4b. Explain what that means using local supervenience

Local supervenience is supervenience that is reliant on context outside of the object itself. The
example given that while a replica of the Mona Lisa may be identical, they are not worth the same
amount due to historical context.

4c. Explain what that means using global supervenience


Global supervenience is supervenience that holds everywhere and in all contexts. There is no
situation possible where 2+2 does not equal 4.

4d. Explain what that means using logical supervenience

B- properties supervine logically on A- properties. For example, there cannot be a female bull in
any conceptual situation, because Bulls are, by definition, male.
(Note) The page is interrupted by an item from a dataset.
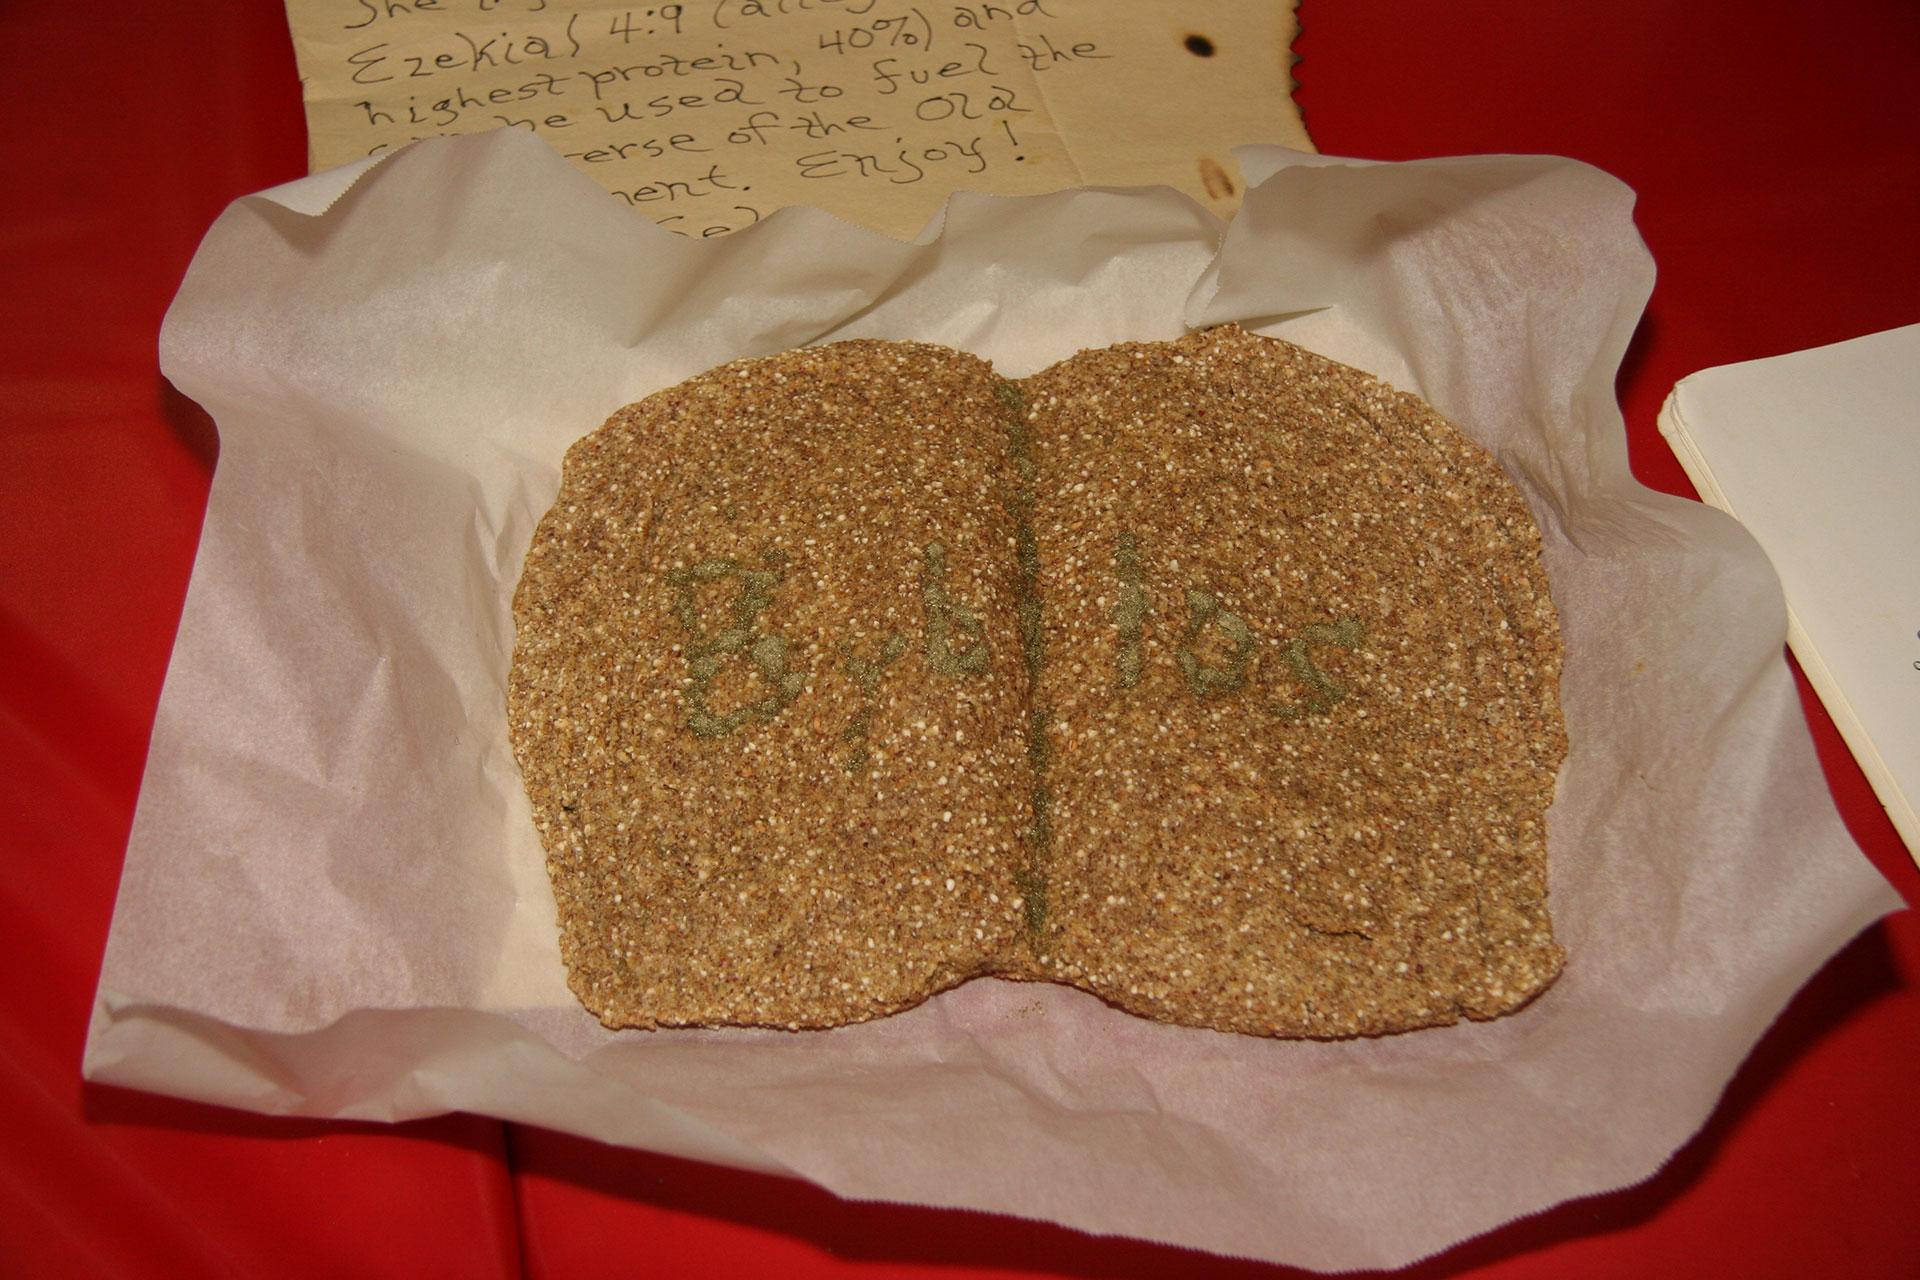 """The Book of Byblos (a.k.a. Bible)"" created by Dennis Flatt; 2011 KBAC Edible Book entry"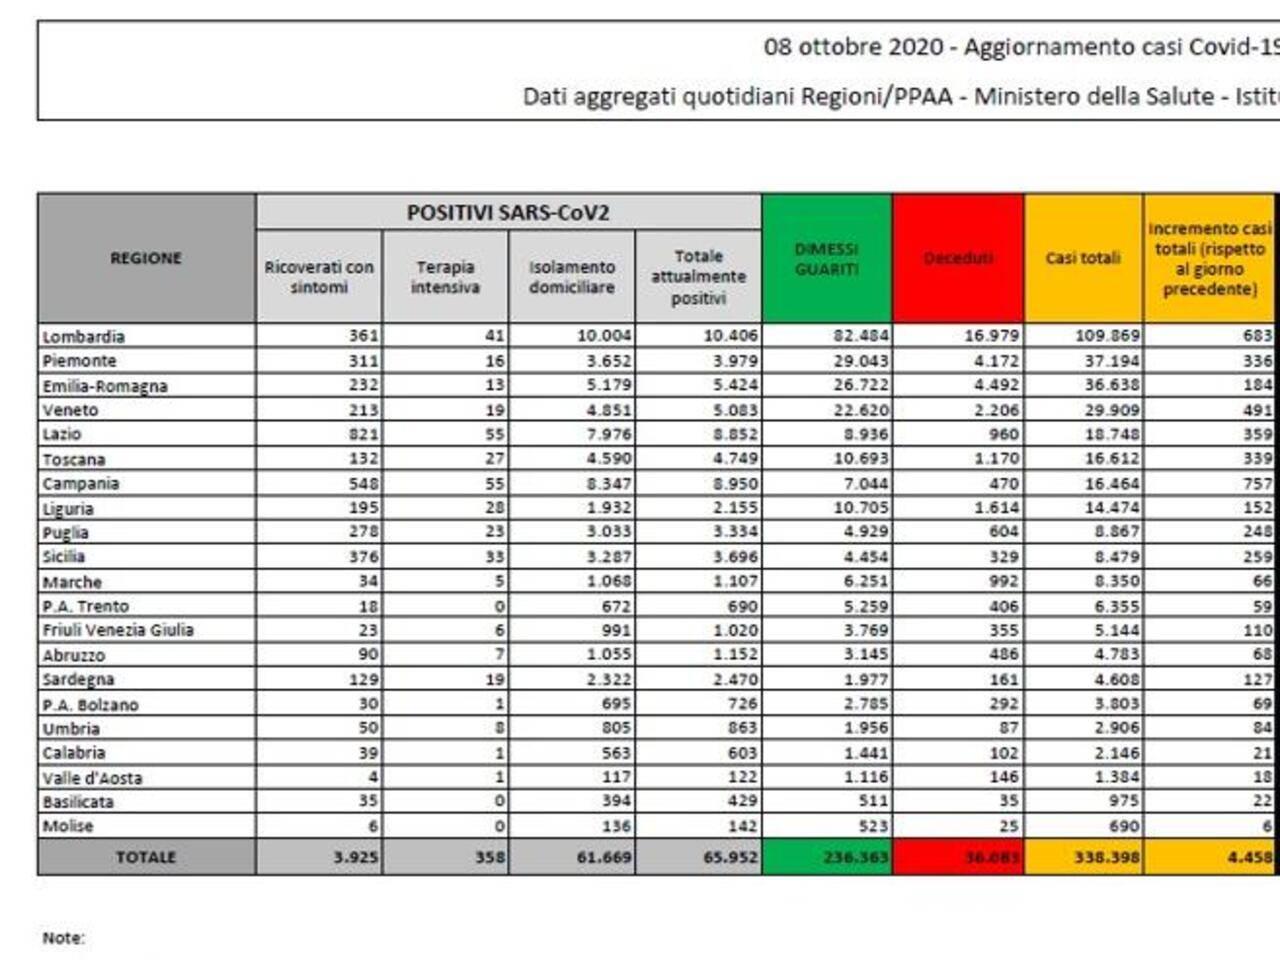 Coronavirus, tornano a salire i nuovi casi registrati in Italia: oggi 4.458

4e. Explain what that means using natural supervenience

A situation has natural supervenience when B – properties naturally supervine on A – properties,


there can be no situation where two identical volumes of water in an identical situation at identical
temperatures can be in different phases of matter, for example.

4. What is a reductive explanation? How does it work?

A reductive explanation is an explanation that resolves difficult questions by pulling them


apart into smaller, more easily defined concepts that give rise to the greater concept. For
instance, heat is explained by reducing heat into kinetic energy carried by molecules in the
air.

5. What is the relationship between supervenience and reduction? If X is reductively


explainable in terms of Y, does that imply that X stands in a certain relationship of
supervenience to Y? Explain.

To explain something reductively, you are operating on an assumption that the things you
are reducing the problem to are supervining on the outcome. To go back to a simple math
example, 1+1=2, and so 2 is reducible as a function of 1. If you modified the ones in the
original problem, the answer would not be 2.